- Supreme Court of the United States

Decided May 3, 2010
- Full case name: Renico v. Lett
- Citations: 559 U.S. 766 (more)

Holding
- The trial court's decision in this case was not unreasonable under AEDPA. A federal habeas court must be deferential to the state trial court, including its decision about whether a jury was deadlocked.

Court membership
- Chief Justice John Roberts Associate Justices John P. Stevens · Antonin Scalia Anthony Kennedy · Clarence Thomas Ruth Bader Ginsburg · Stephen Breyer Samuel Alito · Sonia Sotomayor

Case opinions
- Majority: Roberts, joined by Scalia, Kennedy, Thomas, Ginsburg, Alito
- Dissent: Stevens, joined by Sotomayor; Breyer (Parts I and II)

Laws applied
- Antiterrorism and Effective Death Penalty Act of 1996

= Renico v. Lett =

Renico v. Lett, , was a United States Supreme Court case in which the court held that the trial court's decision in this case was not unreasonable under the Antiterrorism and Effective Death Penalty Act of 1996. A federal habeas court must be deferential to the state trial court, including its decision about whether a jury was deadlocked.

==Background==

From jury selection to jury instructions in a Michigan court, Lett's first trial for, among other things, first-degree murder took less than nine hours. During approximately four hours of deliberations, the jury sent the trial court seven notes, including one asking what would happen if the jury could not agree. The judge called the jury and the attorneys into the courtroom and questioned the foreperson, who said that the jury was unable to reach a unanimous verdict. The judge then declared a mistrial, dismissed the jury, and scheduled a new trial. At Lett's second trial, after deliberating for only 3 hours and 15 minutes, a new jury found him guilty of second-degree murder.

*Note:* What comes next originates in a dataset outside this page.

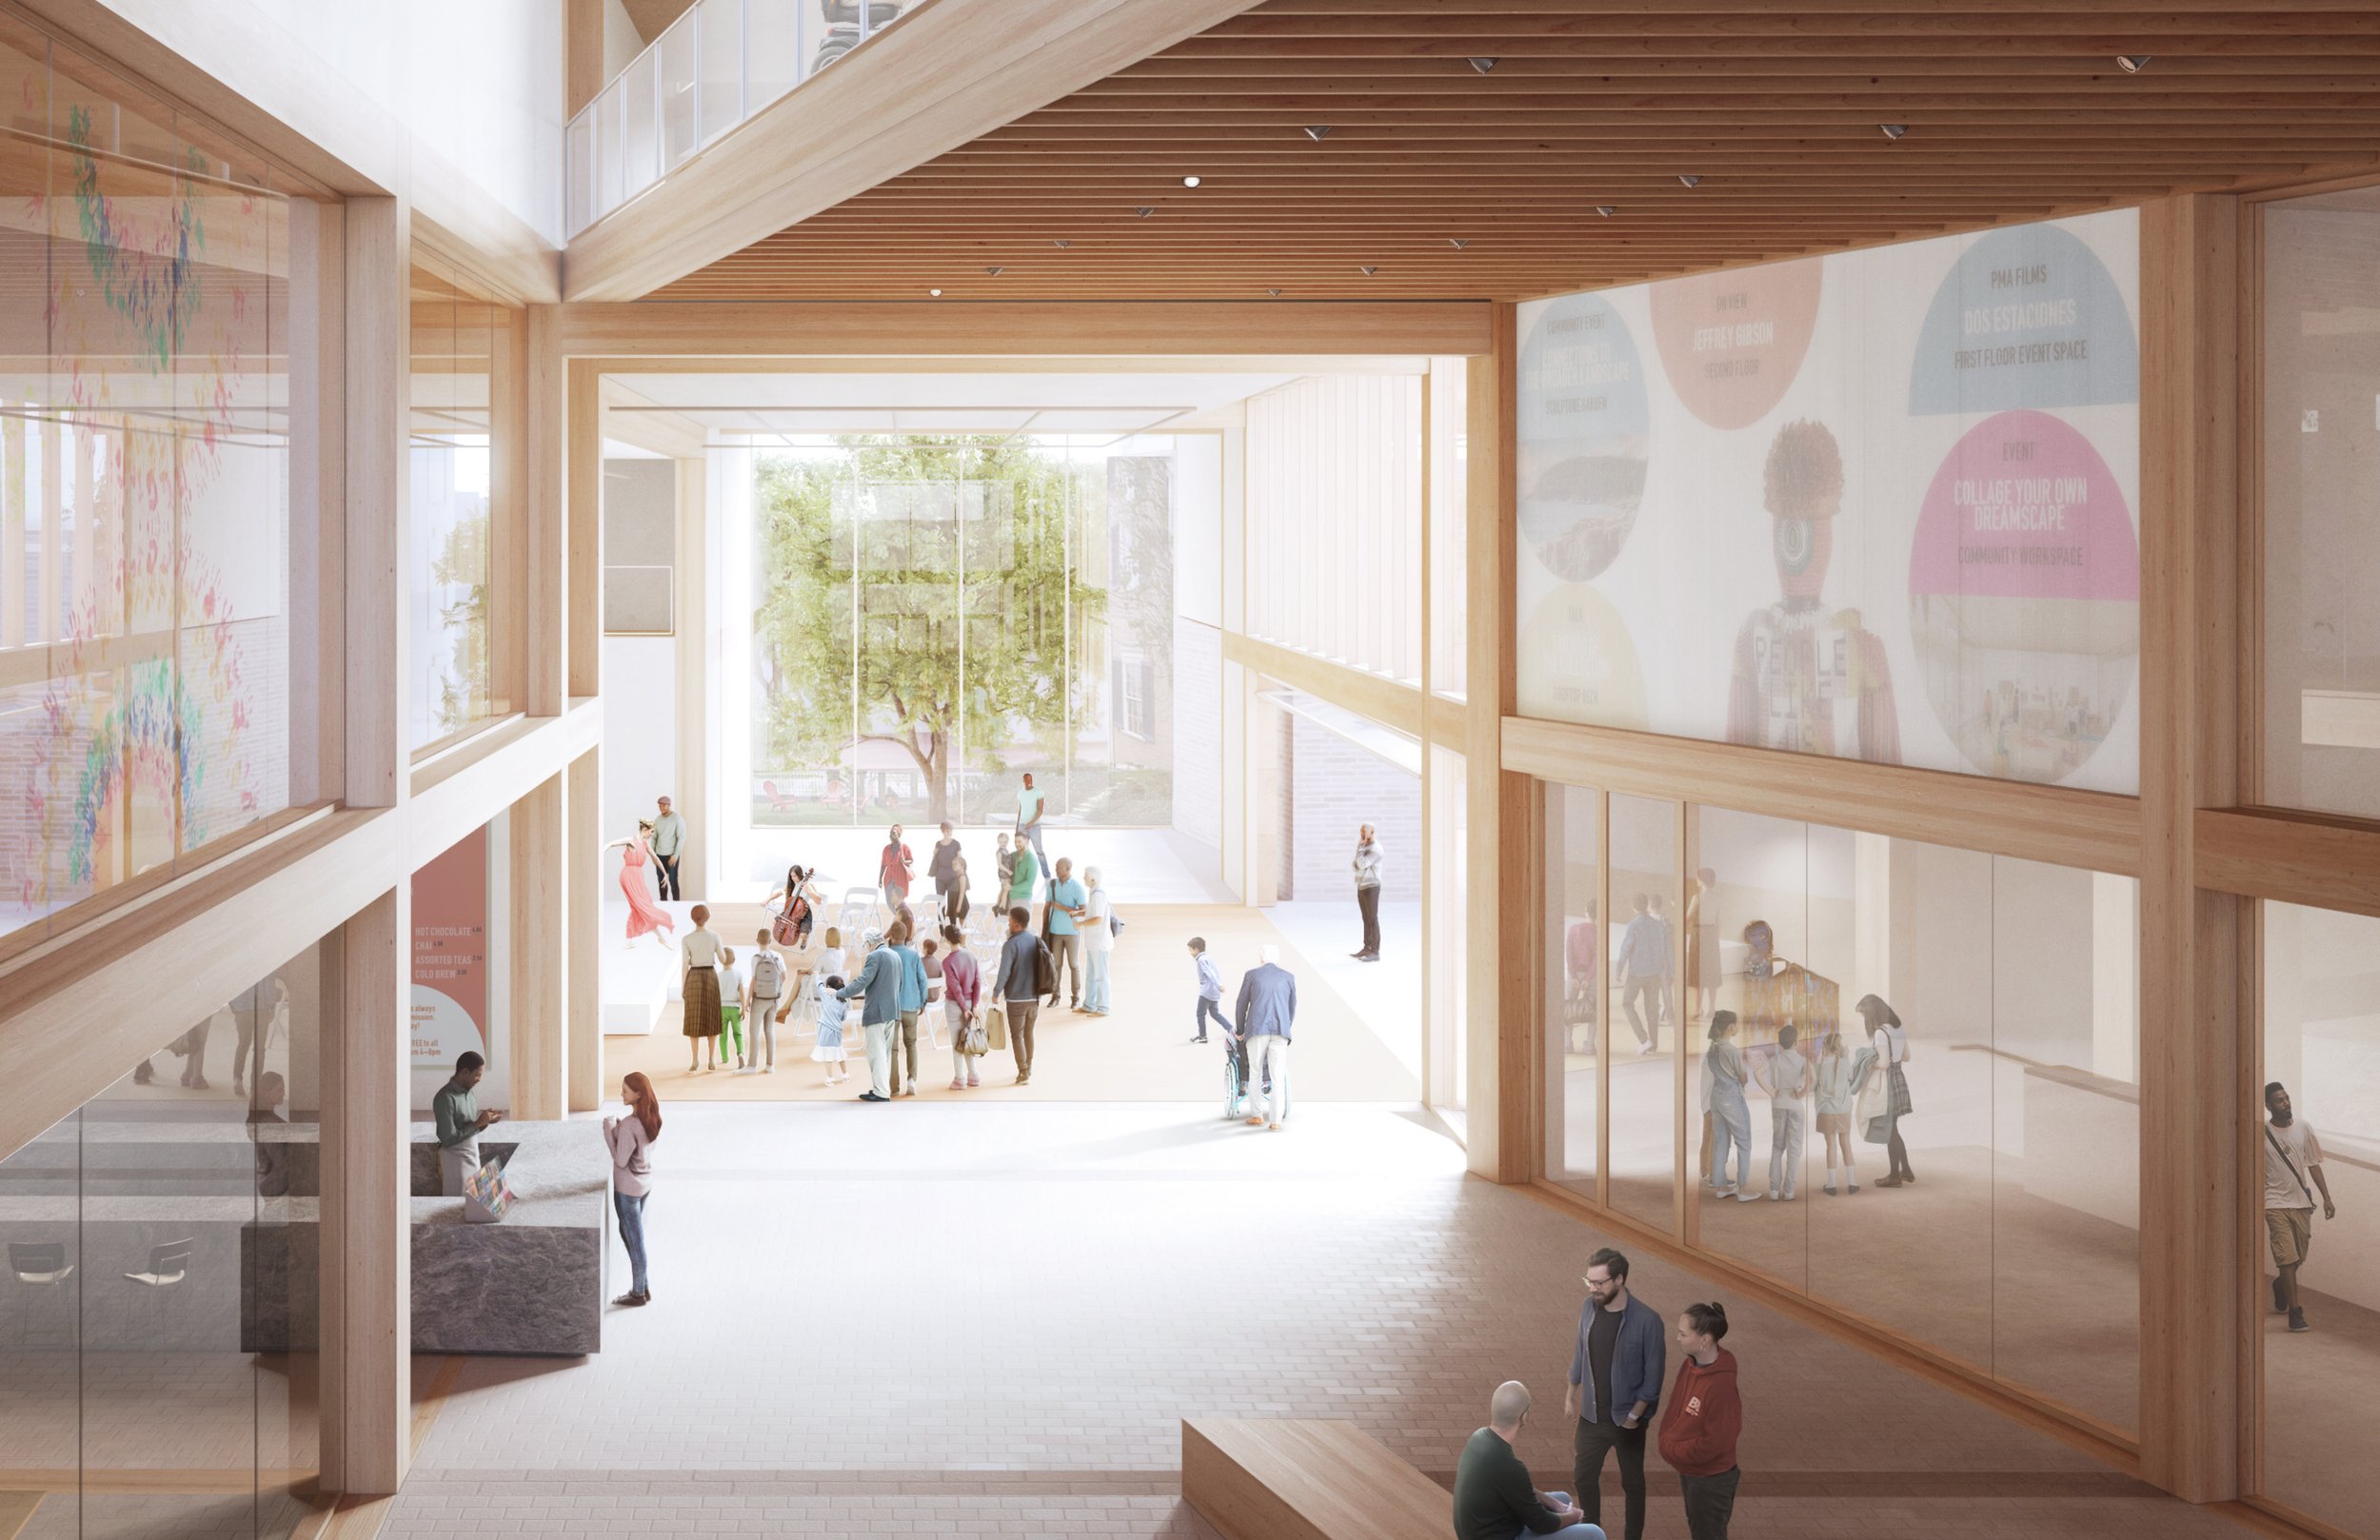  New Wing Interior. Image courtesy of Portland Museum of Art, Maine / LEVER Architecture / Dovetail Design Strategists 
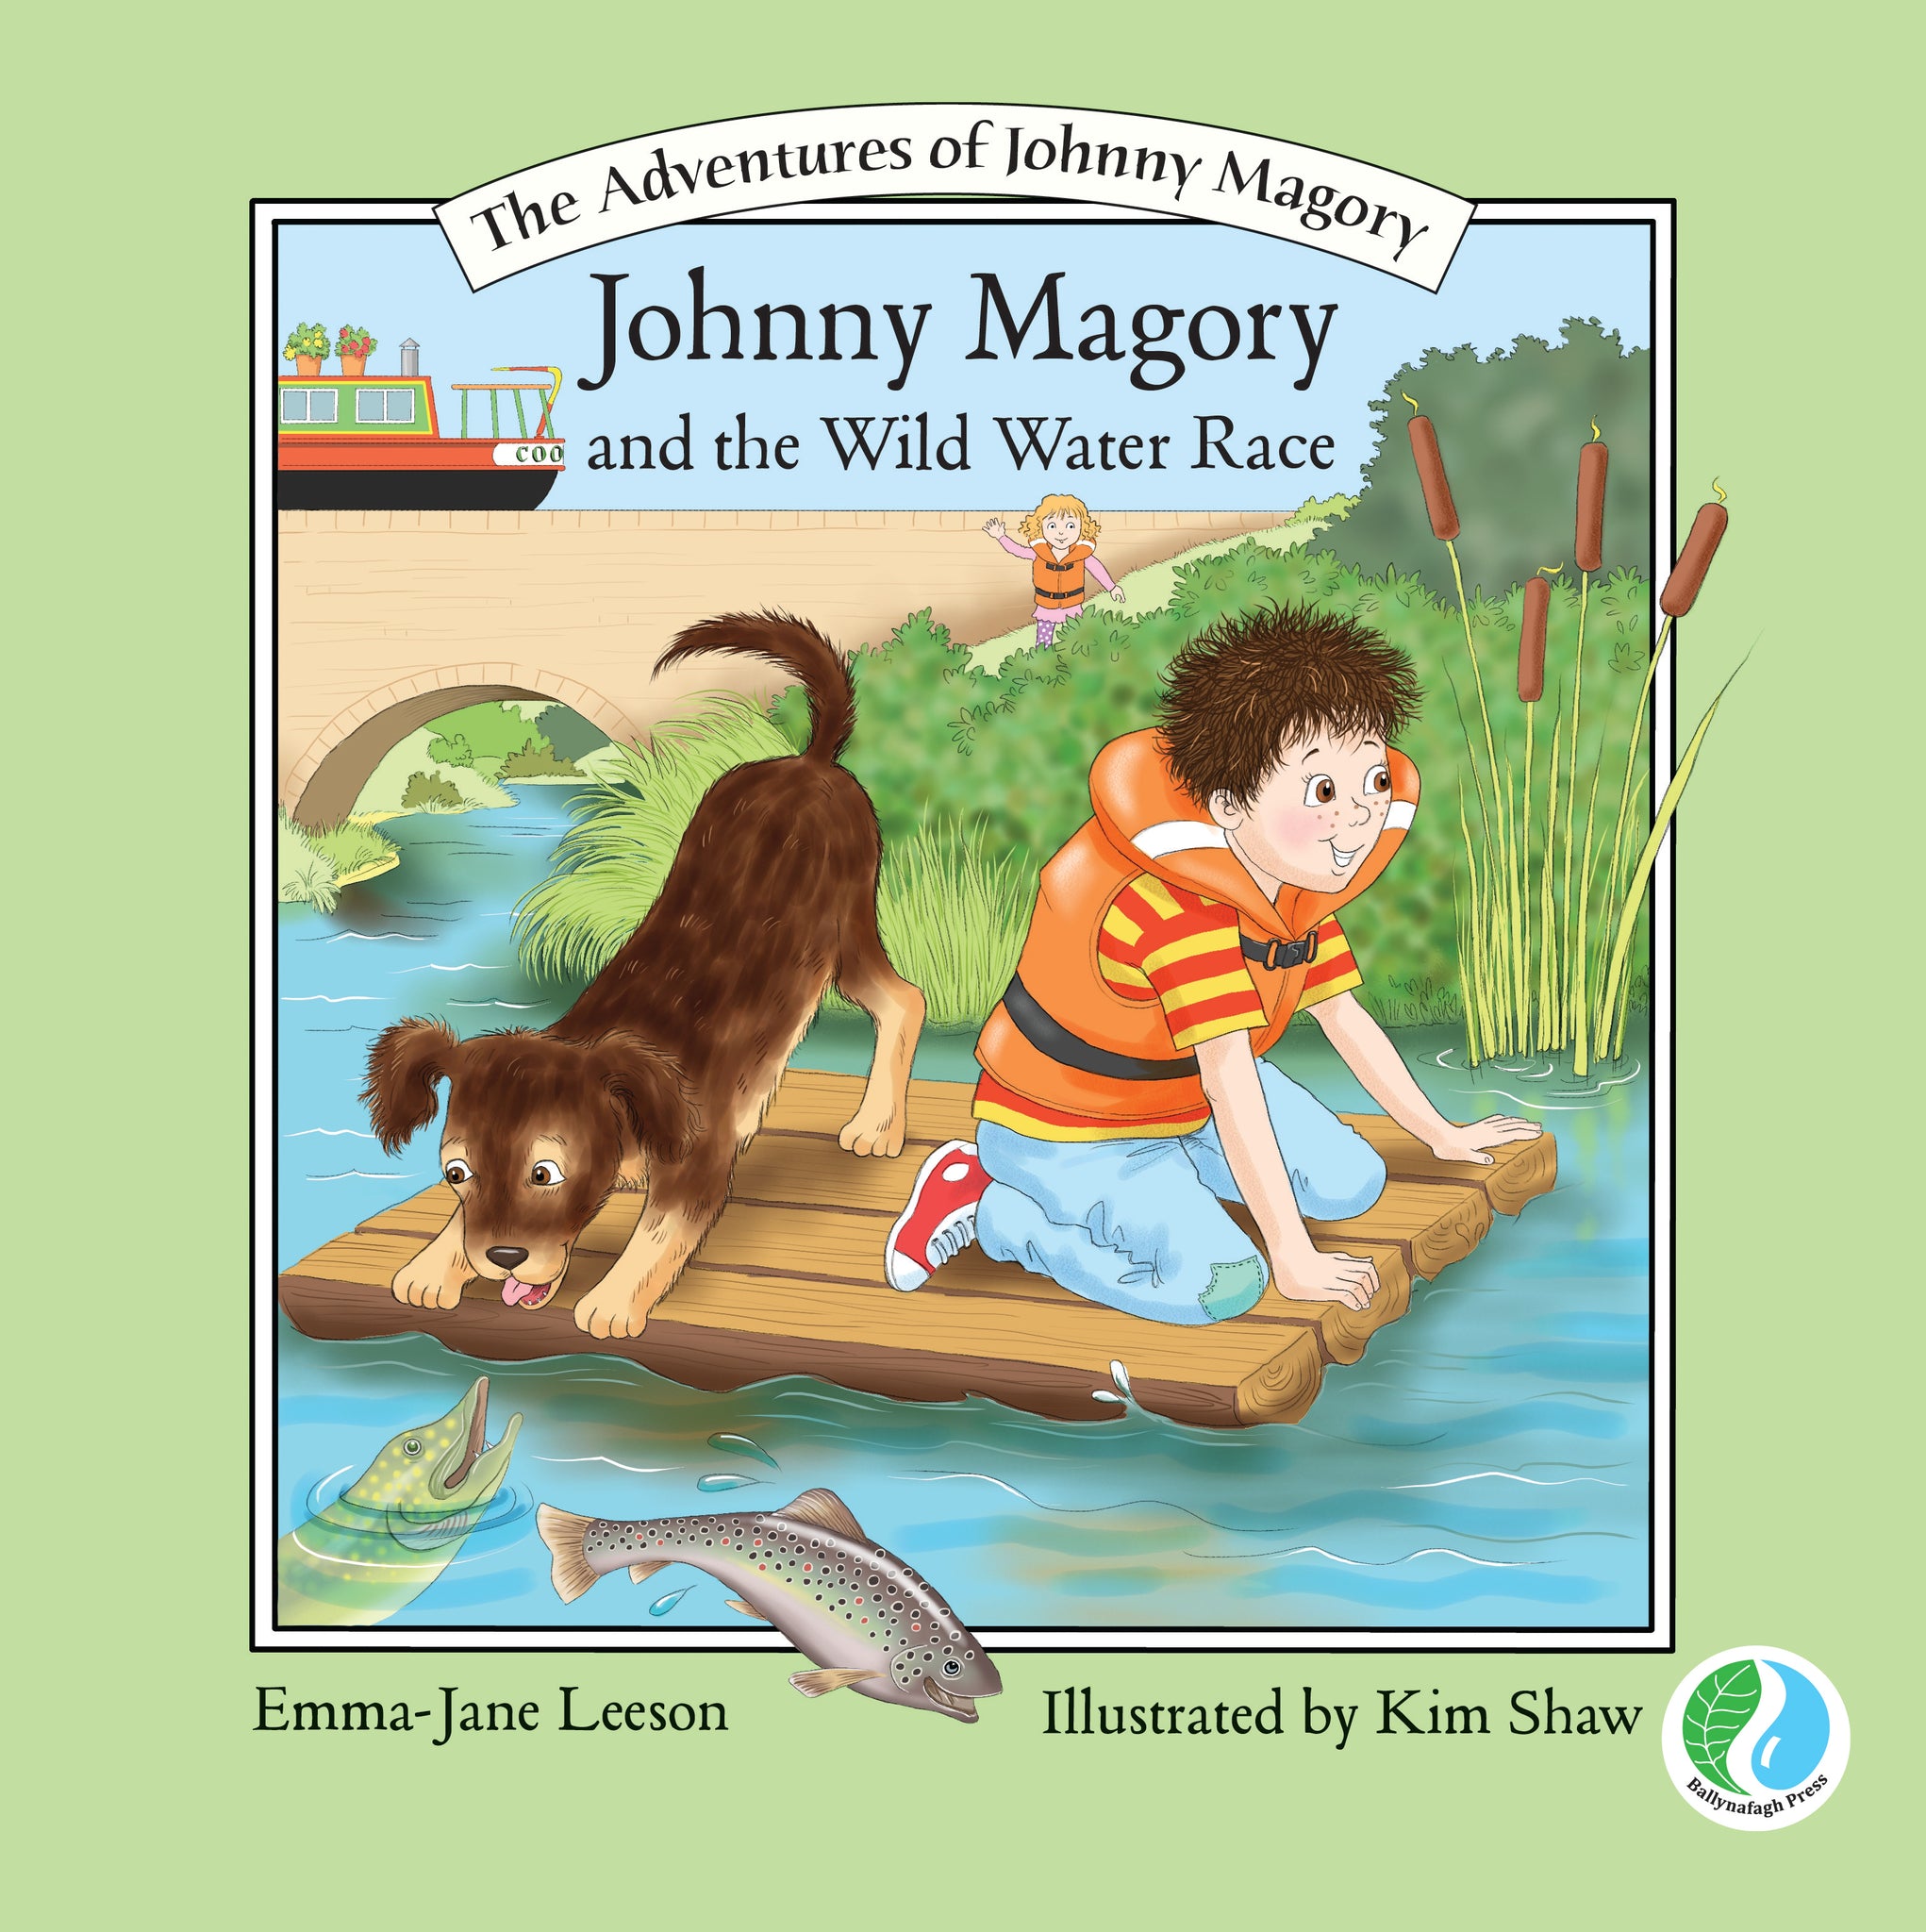 Johnny Magory and the Wild Water Race (Hardcopy)

On appeal within the state's system, Lett argued that because the judge in his first trial had announced a mistrial without any manifest necessity to do so, the Double Jeopardy Clause barred the state from trying him a second time. Agreeing, the Michigan Court of Appeals reversed the conviction.

The Michigan Supreme Court reversed. It concluded that, under United States v. Perez (1824), a defendant may be retried following the discharge of a deadlocked jury so long as the trial court exercised its "sound discretion" in concluding that the jury was deadlocked and thus that there was a "manifest necessity" for a mistrial; and that, under Arizona v. Washington, 434 U. S. 497 (1978), an appellate court must generally defer to a trial judge's determination that a deadlock has been reached. The Michigan Supreme Court then found that the judge at Lett's first trial had not abused her discretion in declaring the mistrial, observing that the jury had deliberated a sufficient amount of time following a short, noncomplex trial; that the jury had sent several notes, including one appearing to indicate heated discussions; and that the foreperson had stated that the jury could not reach a verdict.

In Lett's federal habeas petition, he contended that the Michigan Supreme Court's rejection of his double jeopardy claim was "an unreasonable application of... clearly established Federal law, as determined by the Supreme Court of the United States," and thus that he was not barred by the Antiterrorism and Effective Death Penalty Act of 1996 (AEDPA) from obtaining federal habeas relief. The federal District Court granted the writ, and the Sixth Circuit Court of Appeals affirmed.

==Opinion of the court==

The Supreme Court issued an opinion on May 3, 2010. The Supreme Court held that the state trial court's decision was not unreasonable for the purposes of AEDPA and reversed the Sixth Circuit. This cancelled Lett's federal writ of habeas corpus.